You'd be forgiven if you weren't aware of the burgeoning "hyperpop" movement, a sort-of maximalist, meta-ironically post-postmodern clown pastiche of pop music. Like Gen Zers shooting their veins full of nihilistic Dada humor, and then accidentally inventing the art of mixtapes while they're tripping balls. Except, in this case, the "mixtape" is sort of just like collaged snippets of modern pop music history, stripped of all its context. An epic club synth hook here, an 80s drum beat here, topped off with a sample from a Blink-182 song. And they don't have access to actual cassette tapes, so the only medium (which is, of course, the message) through which to convey their emotions is instead TikTok.

100 gecs is one of the most finest practitioners of this form, and the duos newest album, 10,000 gecs, feels like a perfect distillation of what that sort of Orange County Southern California music scene vibe is supposed to have been all about — sort of like Tumblr became sentient and invented No Doubt.
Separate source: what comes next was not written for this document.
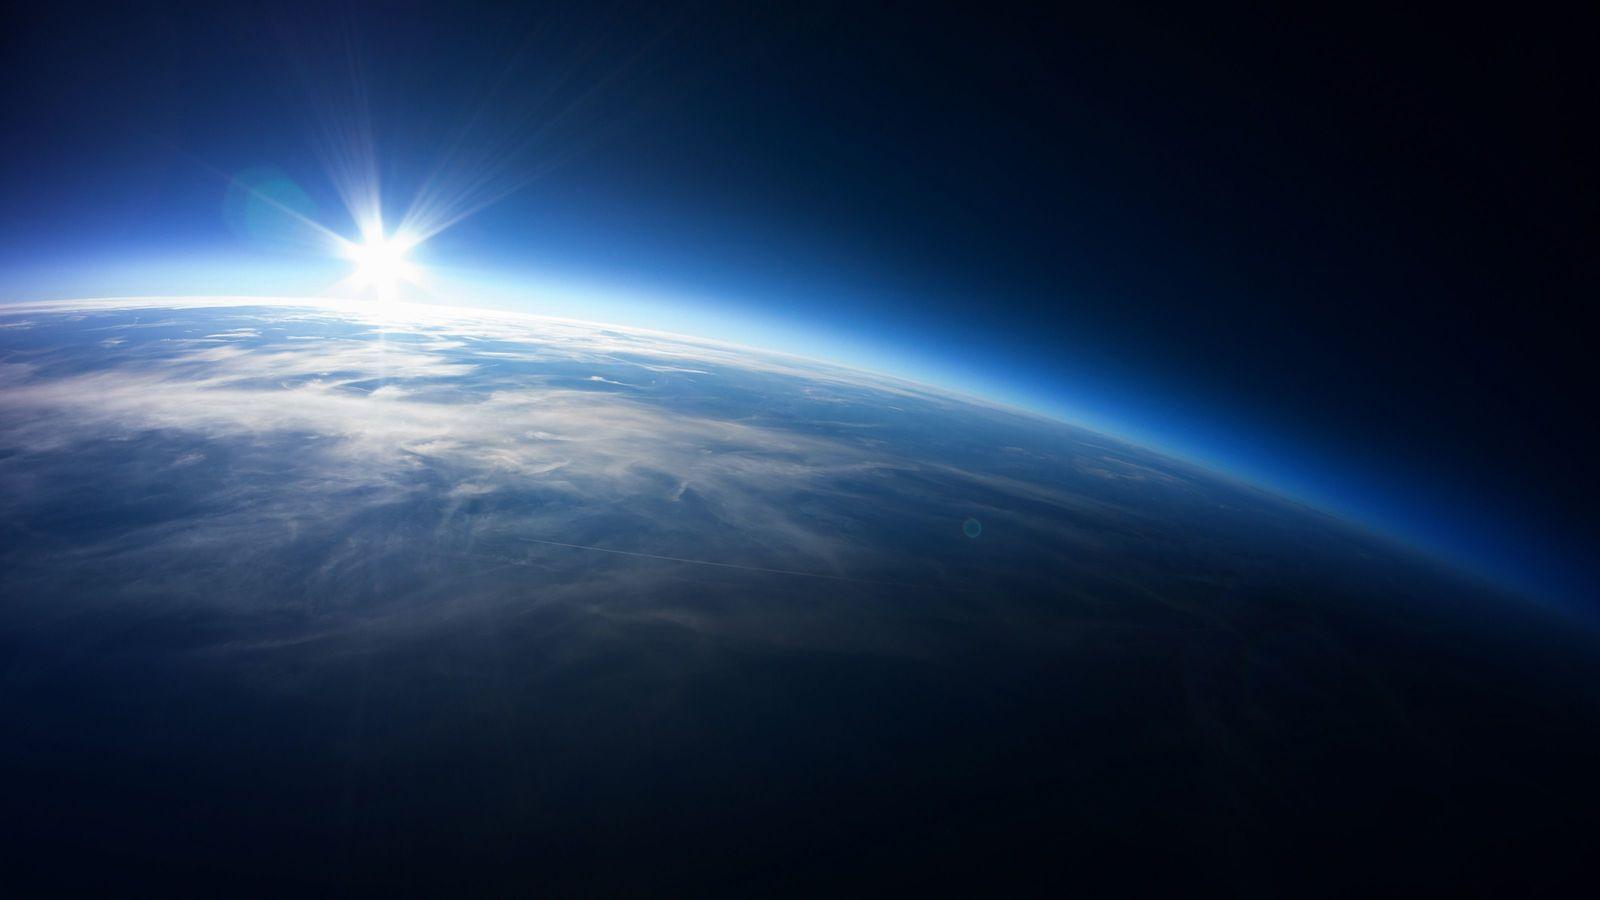 宇宙から帰ってきた人はなぜ性格が変わるのか 「重力」に気づくと、人生観も変わる
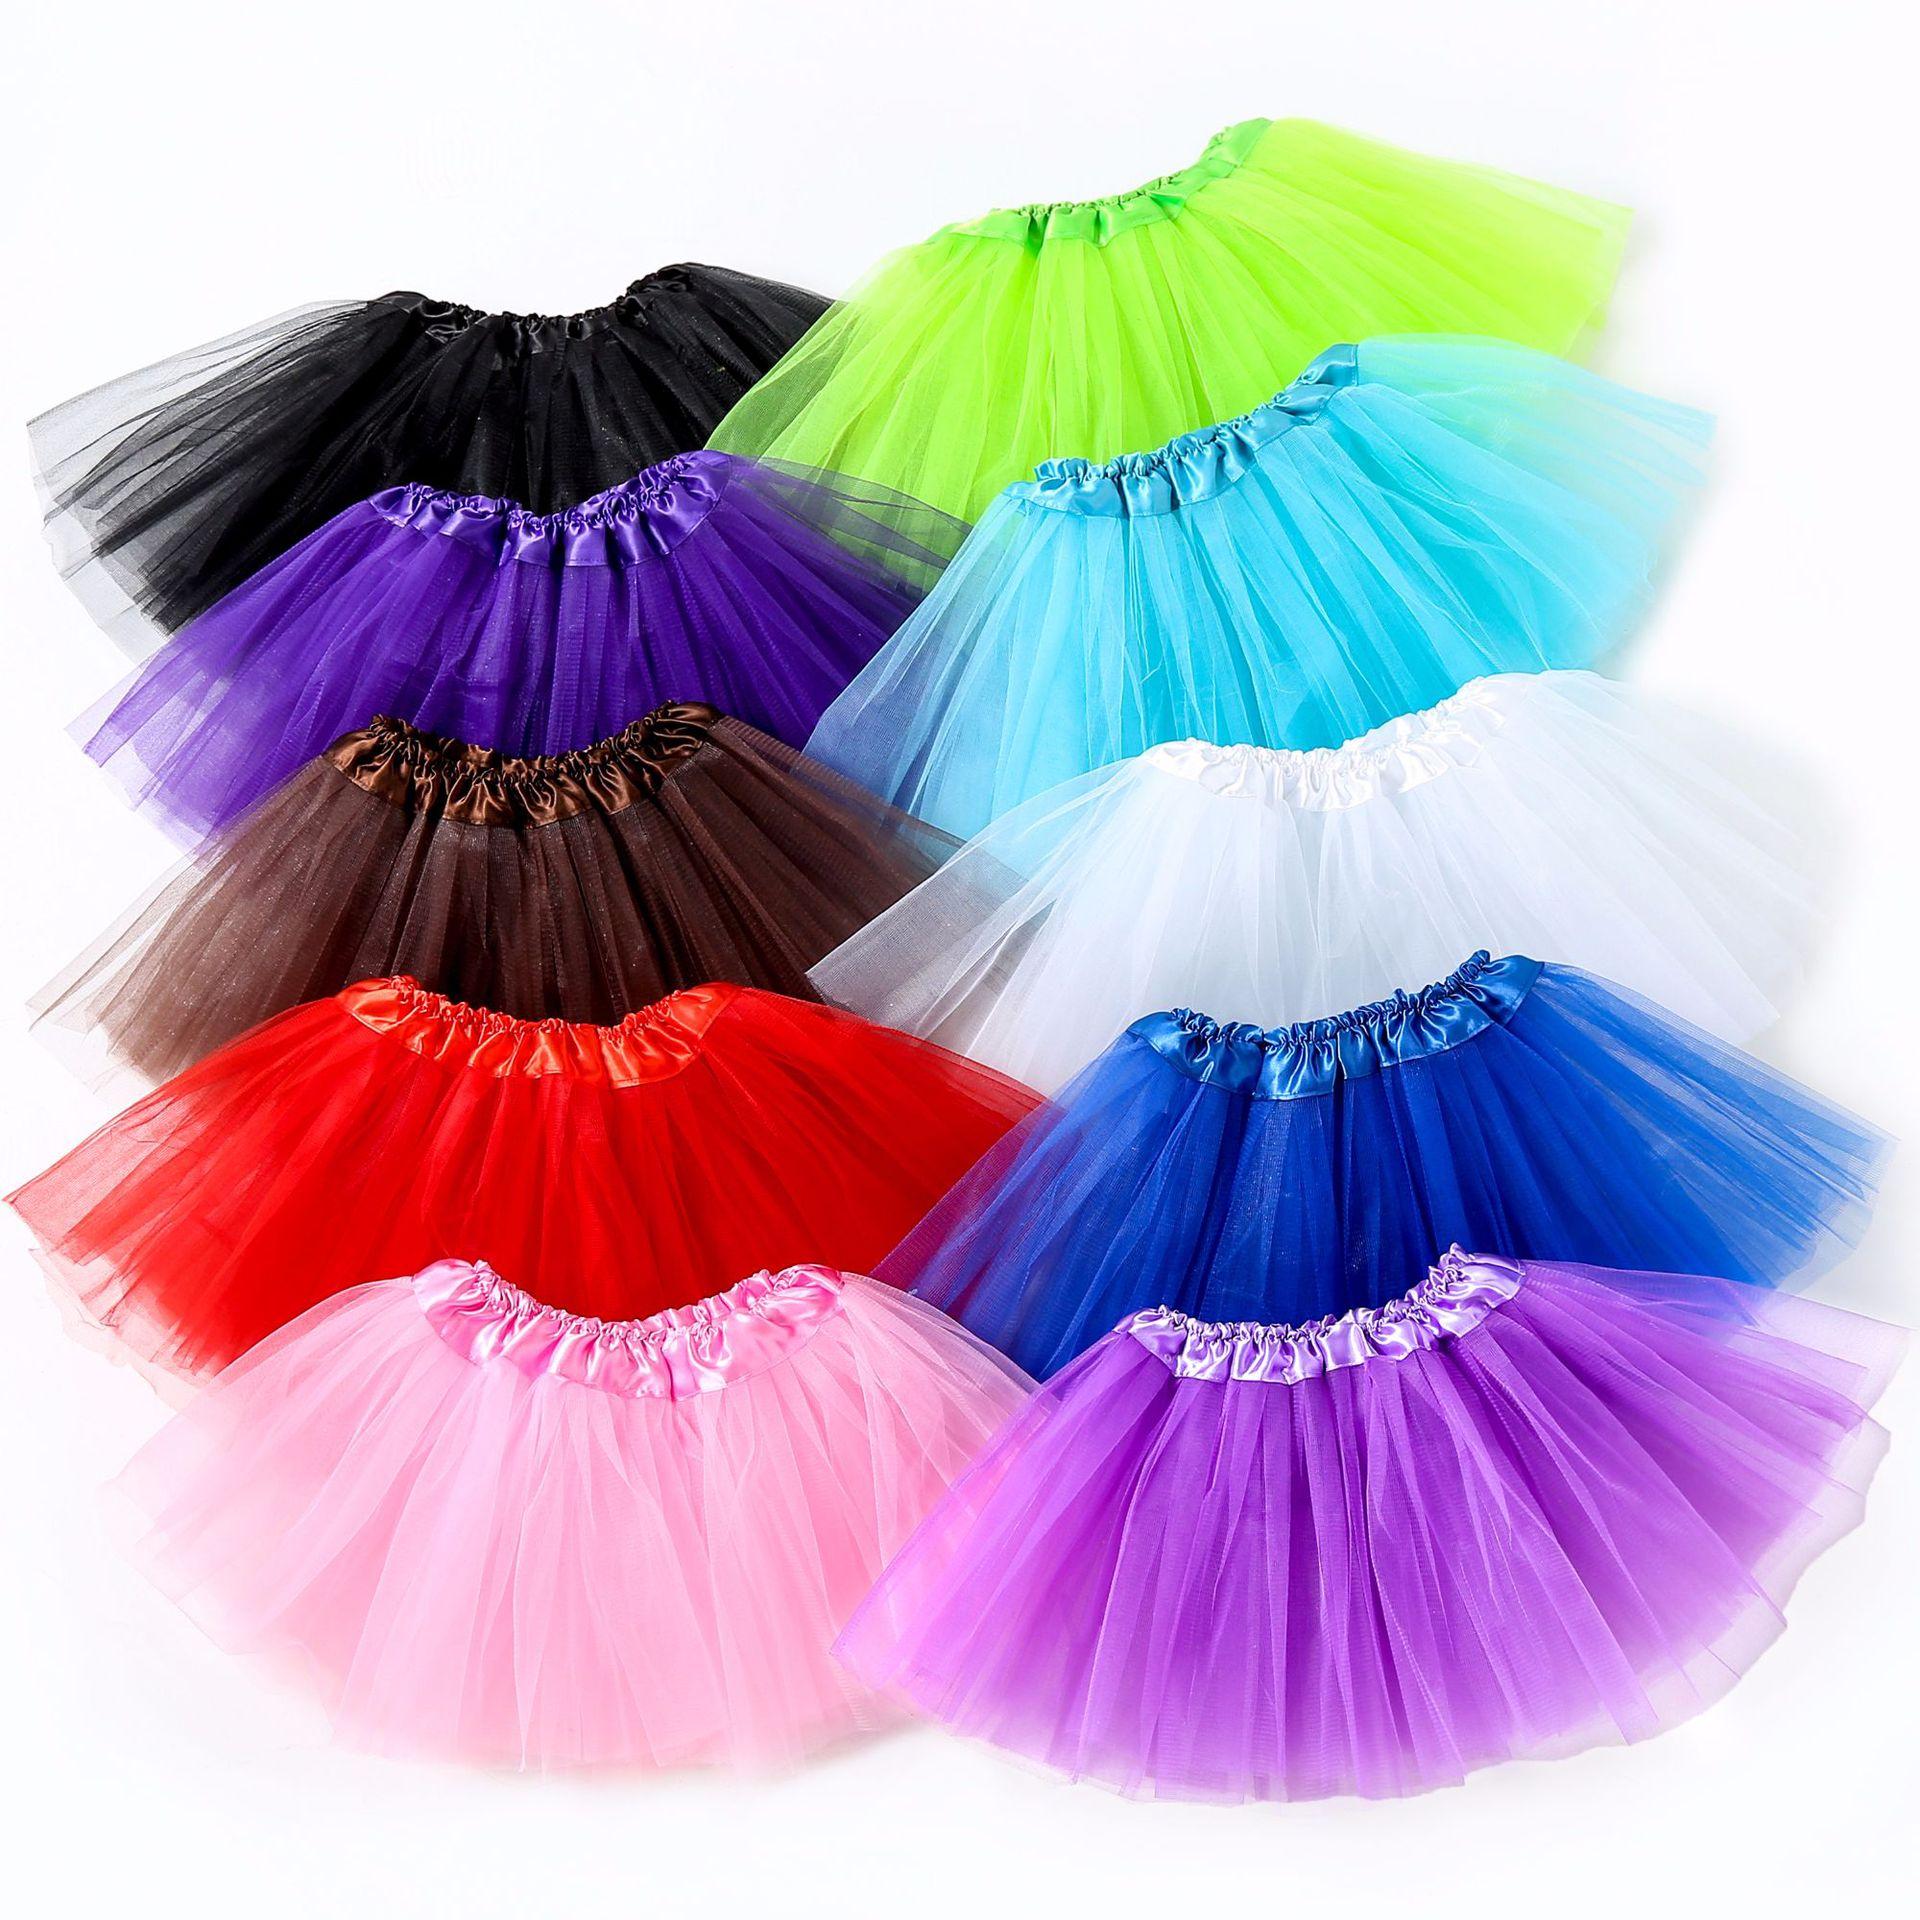 2020嬰兒裙夏季 女童半身裙網紗 兒童30cm公主裙 tutu裙廠家直銷

And that brings us to "Frog on the Floor" above, a meme-ified electronic ska bop about, well, a frog, on the floor, at a party, who's totally raging, doing kegstands and shit dude. It's ridiculous. It's beautiful. It's a perfect encapsulation of the last 30 or so years of our ever-accelerating mono-culture. Is it dumb? Is it genius? Is it a joke? Is it poetry? Is it trolling? Yes.